Metrics

Metrics to track the progress of your project and the health of your data. Metrics are split into different sections:

Overview

A simple overview of your project's settings and members.

Inter-Annotator Agreement

You can read all about the Inter-Annotator Agreement (IAA) here.

Documents

The following charts are available:

Project progress. It gives you a general view of the progress in your project by showing the number of documents that are production ready (master version confirmed), the number of documents ready for review (master version not confirmed, but any member's version confirmed) and the number of documents in progress (documents not confirmed in any version).

Annotated / Not Annotated documents. Annotated documents are those with at least one annotation of any kind (document label, entity, etc.) in the master version, or those with one of the member's version confirmed. Not annotated documents are those not meeting this criteria.

Progress by member. Track the number of documents confirmed by each of the members (on their version) of the project.

Entities

The following charts are available:

Entity type distribution. Number of entities across all your documents, by entity type.

Entity type distribution across documents. Number of documents annotated with entities of specific entity type.

An entity type misrepresented or concentrated in a small sample of documents might lead to bias or incorrect predictions. Take action to improve the health of your data

Normalizations

The following charts are available:

A chart per dictionary. It shows the number of documents annotated with specific normalizations (i.e. unique ids).
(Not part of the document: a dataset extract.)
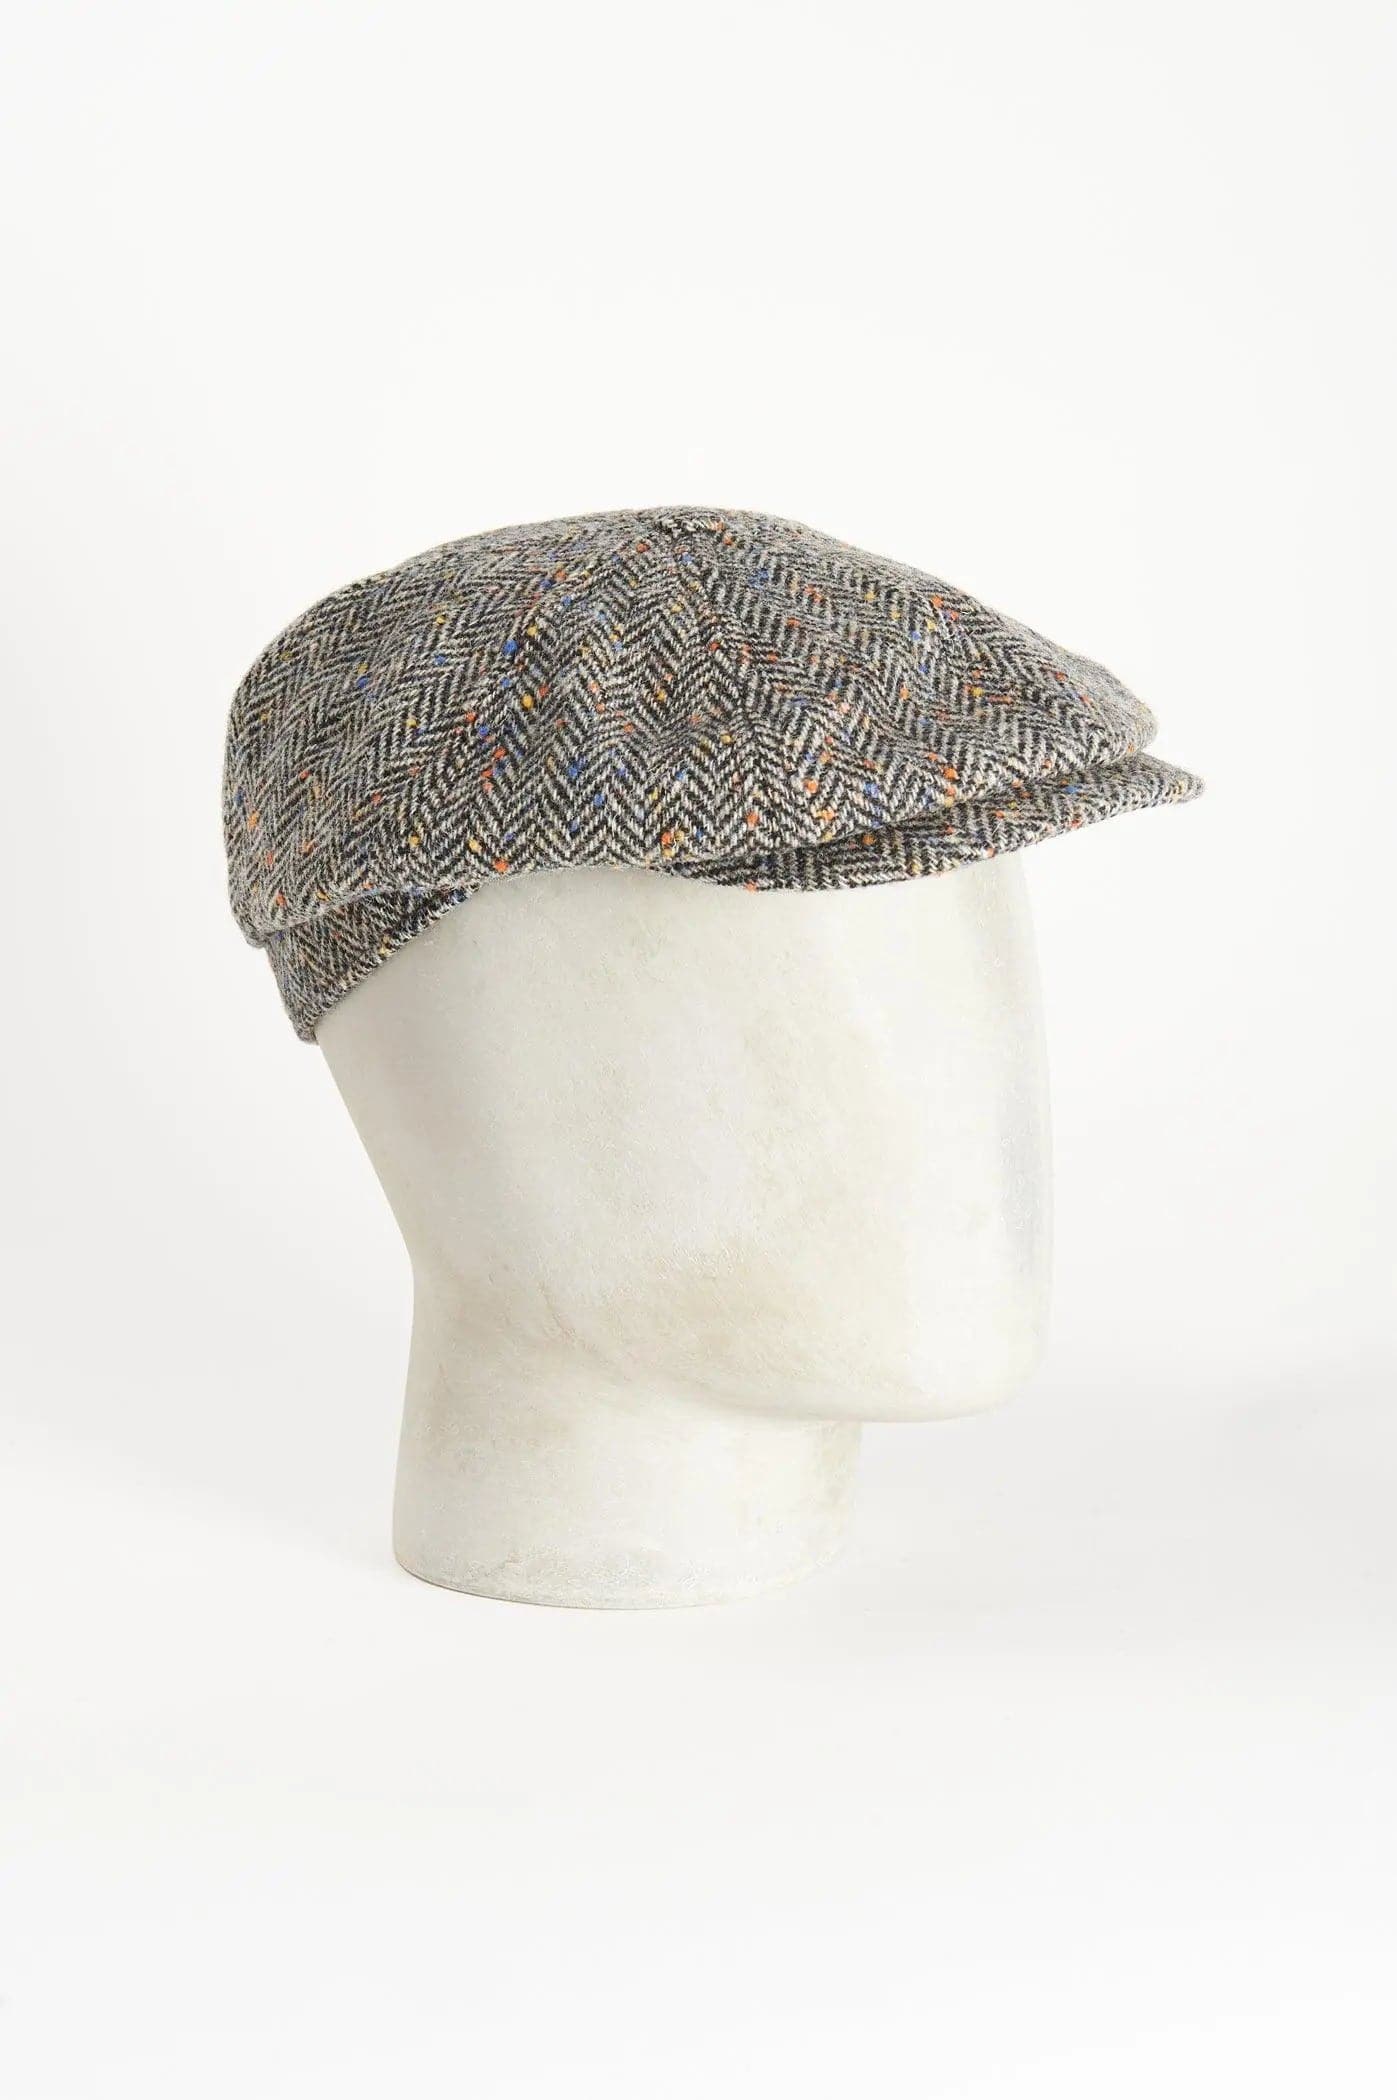 Otto spicchi (8 pieces)
L'Otto Spicchi è un cappello di forma unica, il che lo rende un accessorio versatile adatto ad ogni situazione. Goditi l'eleganza di ogni momento con un tocco di raDE PAZ

A normalization concentrated in a small sample of documents can lead to a misrepresented normalization and eventually to bias or incorrect predictions.




Document labels

The following charts are available:

Document labels distribution across documents. Number of documents with a specific document label set.

A chart per document label. For the `boolean` or `enum` types, this chart represents the distribution of possible values across the documents of your project. For the `string` type, due to its non-finite nature, this chart represents the top values across the documents of your project.

A misrepresentation of a document label or any of their possible values might impact the health of your data. Pay special attention to the representation of the values from your labels, it can lead to bias or incorrect predictions.